U.S. navy officers disembark a ship during a port call at Da Nang port, Da Nang, Vietnam, Friday, 15 July 2011.
Na Son Nguyen, Associated Press
I don't understand the American Sovereignty campaign to urge the ratification of the Law of the Sea Treaty. Here is why. First, the treaty calls for the transfer of wealth from developing countries to underdeveloped nations by taxing any oil and minerals extracted from the ocean beyond the 200 mile limit, or EEZ, from anyone's shoreline. Second, it requires treaty members to adopt regulations and laws to control pollution of the marine environment and allows environmentalists to challenge a nation's laws in UN courts or in other UN agencies, thus making UN law superior to national law.
There are over 300 articles in the treaty.
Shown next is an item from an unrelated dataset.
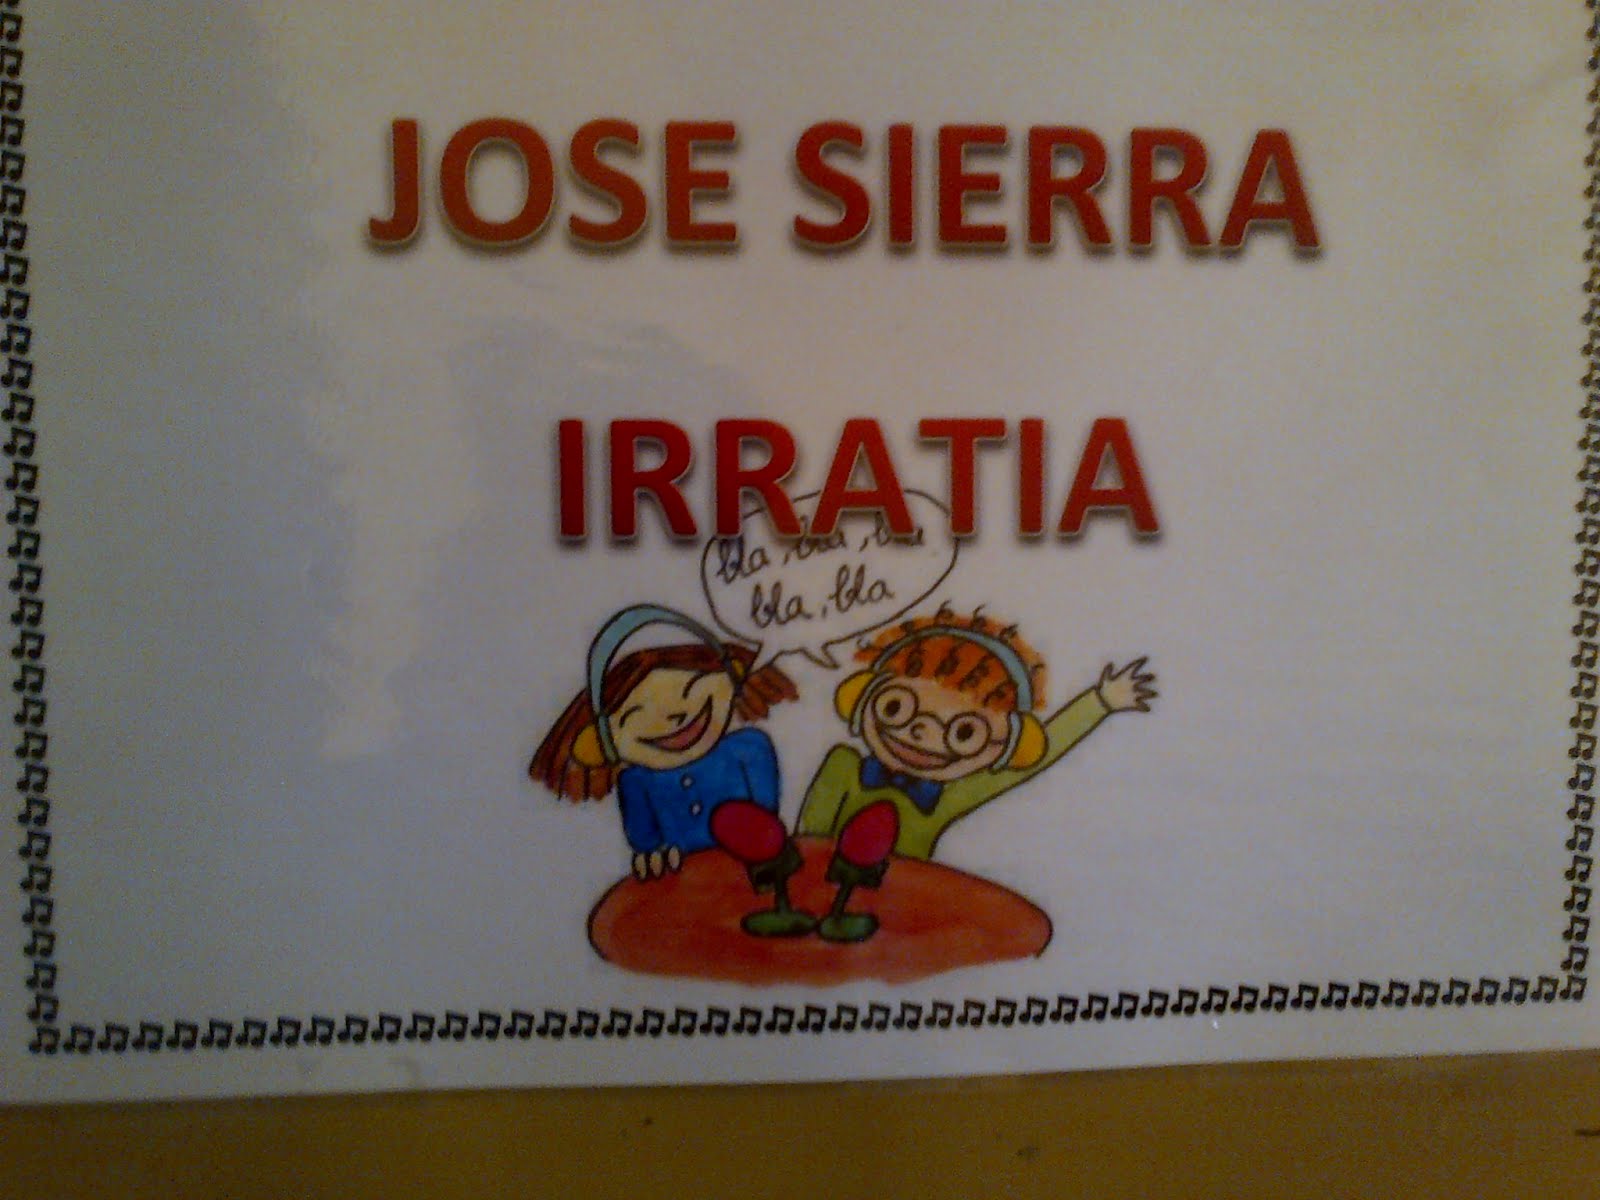 Jose Sierra Irratia
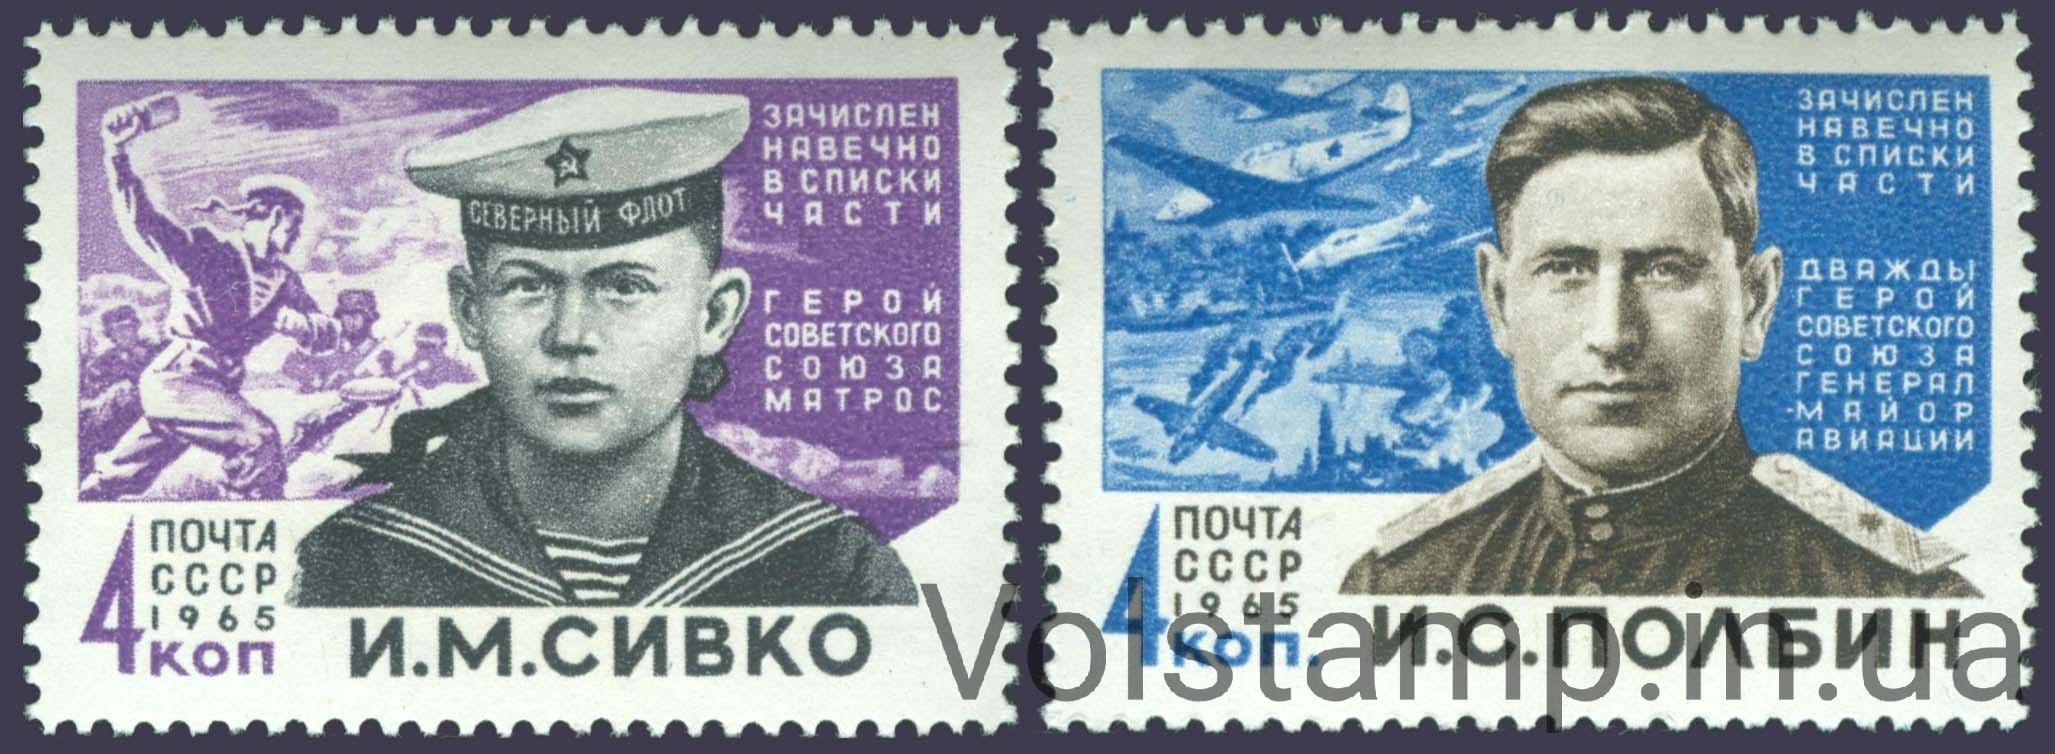 1965 серия марок Герои Великой Отечественной войны №3065-3066

Article 20 requires all underwater vehicles to operate on the surface if in territorial seas of other countries. Article 110 says we cannot board or stop ships known to be carrying terrorists or weapons of mass destruction. Article 290, paragraph five, allows the International Tribunal for the Law of the Sea, or ITLOS, to force a country to release such a ship or other suspected ships detained on the high seas. Article 88 with article 301 restrict the use of force on the high seas if a nation acts aggressively against another nation, and if any nation's navy is viewed to have the slightest threat to another nation, it would have to answer to the ITLOS, a judicial body that in general is staffed by nations either hostile to, or not always on friendly terms with the U.S.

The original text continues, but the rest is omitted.